Bottom line: Amazon Fire TV Cube is a serious streamer

Fire TV Cube is the upgrade to Amazon’s original Fire TV streaming device (R.I.P.), and the bigger/squarer brother to the Fire TV Stick. It’s also one of the most futuristic and feature-rich streamers we’ve reviewed, and the first to challenge our love for Roku (that’s a big deal around here).

It’s more expensive than most other streaming devices—except for Apple TV 4K, because Apple—but Amazon Fire TV Cube could be worth it, especially if you’re into all things hands-free. The Cube’s Alexa voice command extends beyond just picking a show or turning up the volume: set up correctly, it can control your entire entertainment system.

Pros

  • Alexa voice command
  • 4K, HDR resolution
  • Smart home control

Cons

  • Limited manual remote
  • Expensive price tag
  • Larger than most devices

Amazon Fire TV Cube promotions and deals

Maybe when Amazon Prime Day, Black Friday, or Cyber Monday roll around, we’ll see some price breaks on the Fire TV Cube. Until then, we’ll be on the lookout for sweet deals.

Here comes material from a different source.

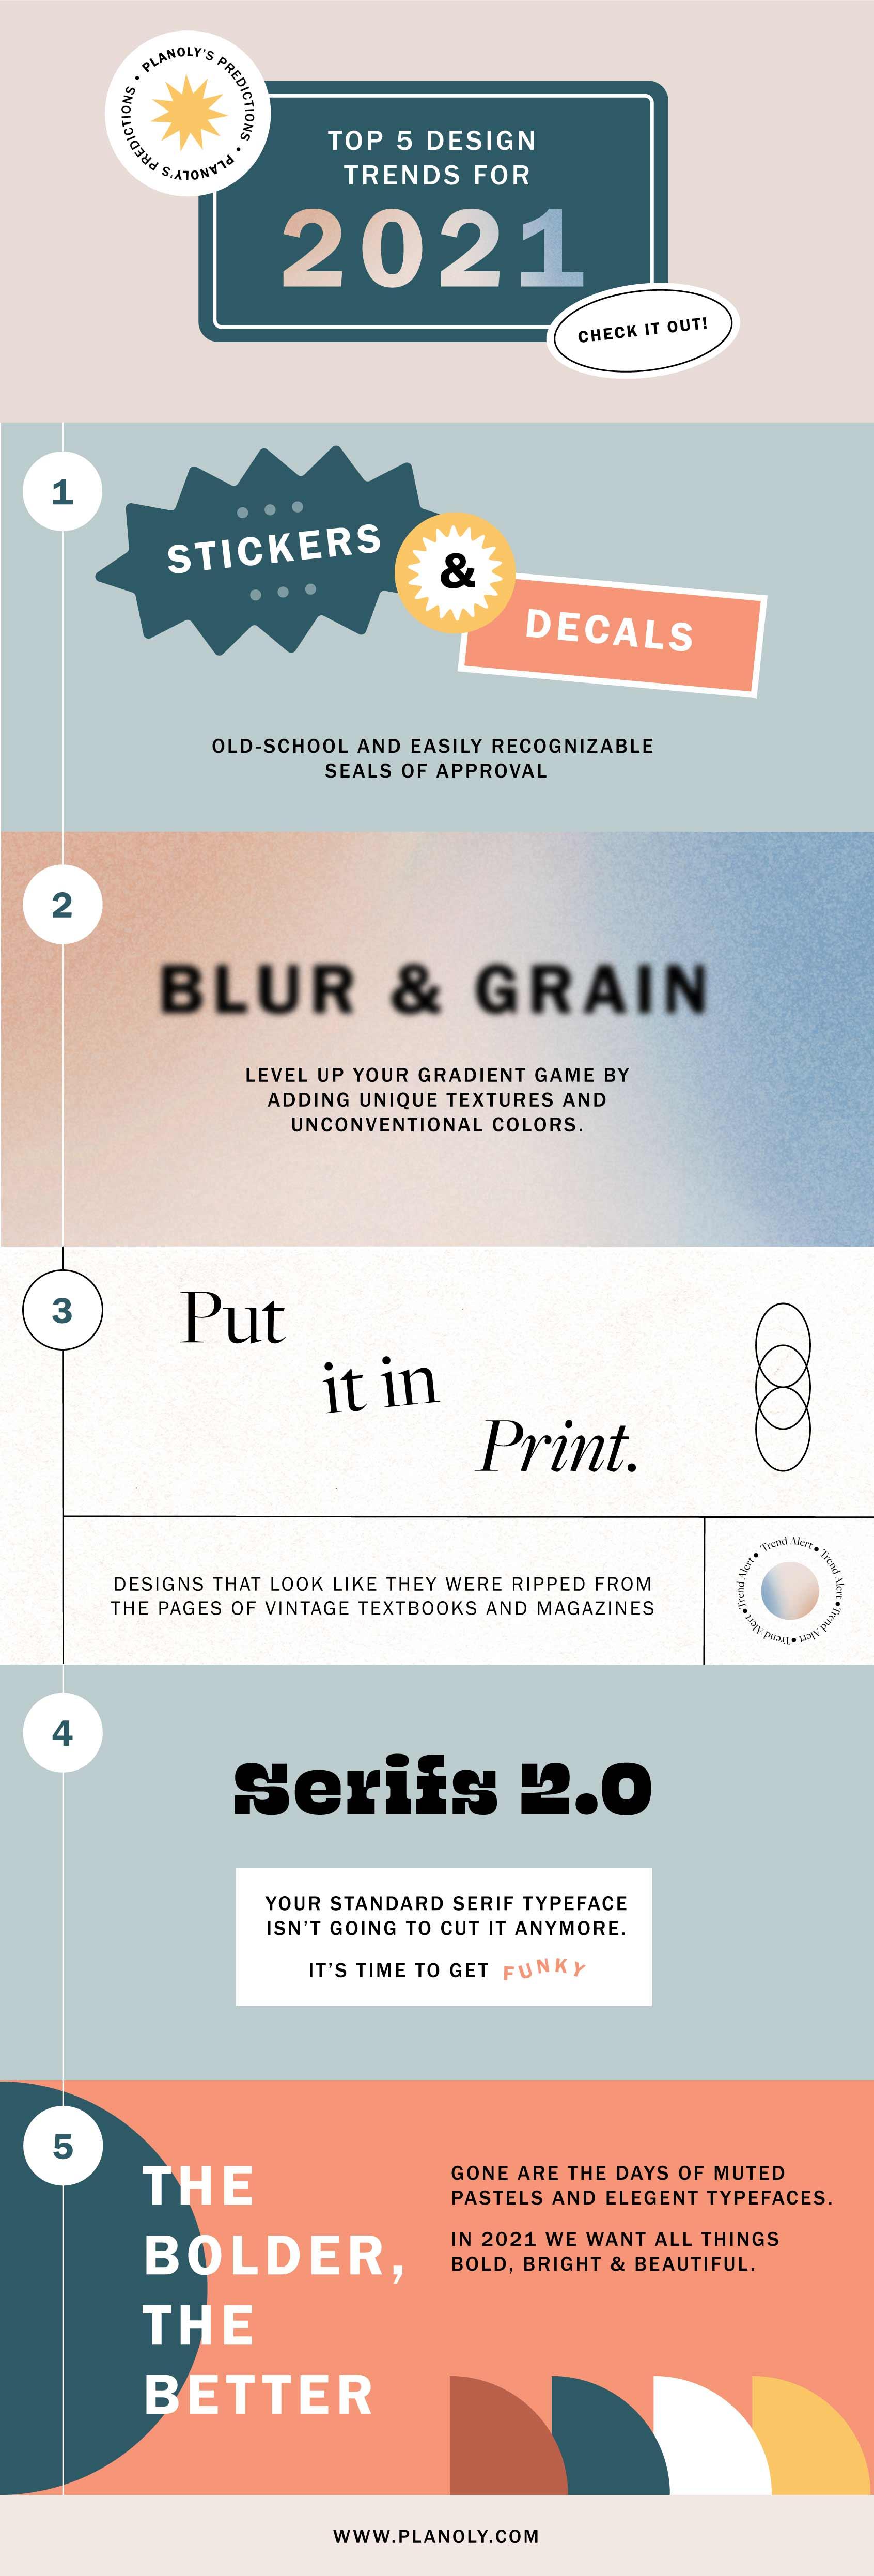 PLANOLY-Blog-Post--2021-Design-Trends-Img6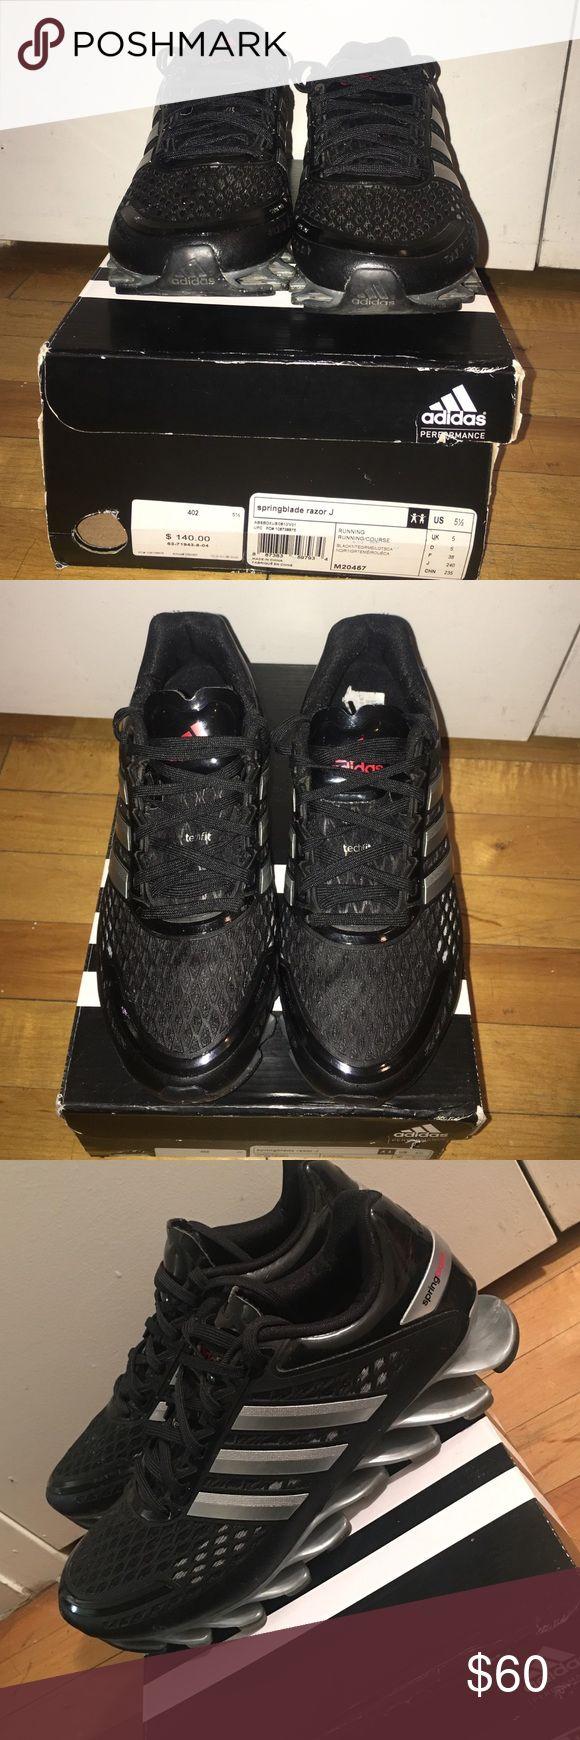 Springblade Razor Adidas *PRE OWNED* Adidas Springblade Razor Adidas Shoes Sneakers

What is Amazon Fire TV Cube?

Amazon Fire TV Cube is a sleek black box with a blue “on” indicator strip across the top and minimal buttons and inputs (four apiece). Unlike the Fire TV Stick, the Cube is designed to be noticed, striking a more imposing presence than Roku’s flat Ultra box.

But, like Roku, Fire TV Cube is a killer streaming device that delivers fantastic video, audio, and a full selection of popular apps—and it’s not overly skewed toward Amazon’s Prime Video. The Cube is more brand-neutral in its searches and recommendations than the Stick, which tends to be an “All Amazon! All the time!” promo machine. The Cube knows how to chill.

Amazon Fire TV Cube specs

The Cube may seem like a mashup of Amazon’s now-defunct Fire TV streaming device and an Echo, but there’s more going on here.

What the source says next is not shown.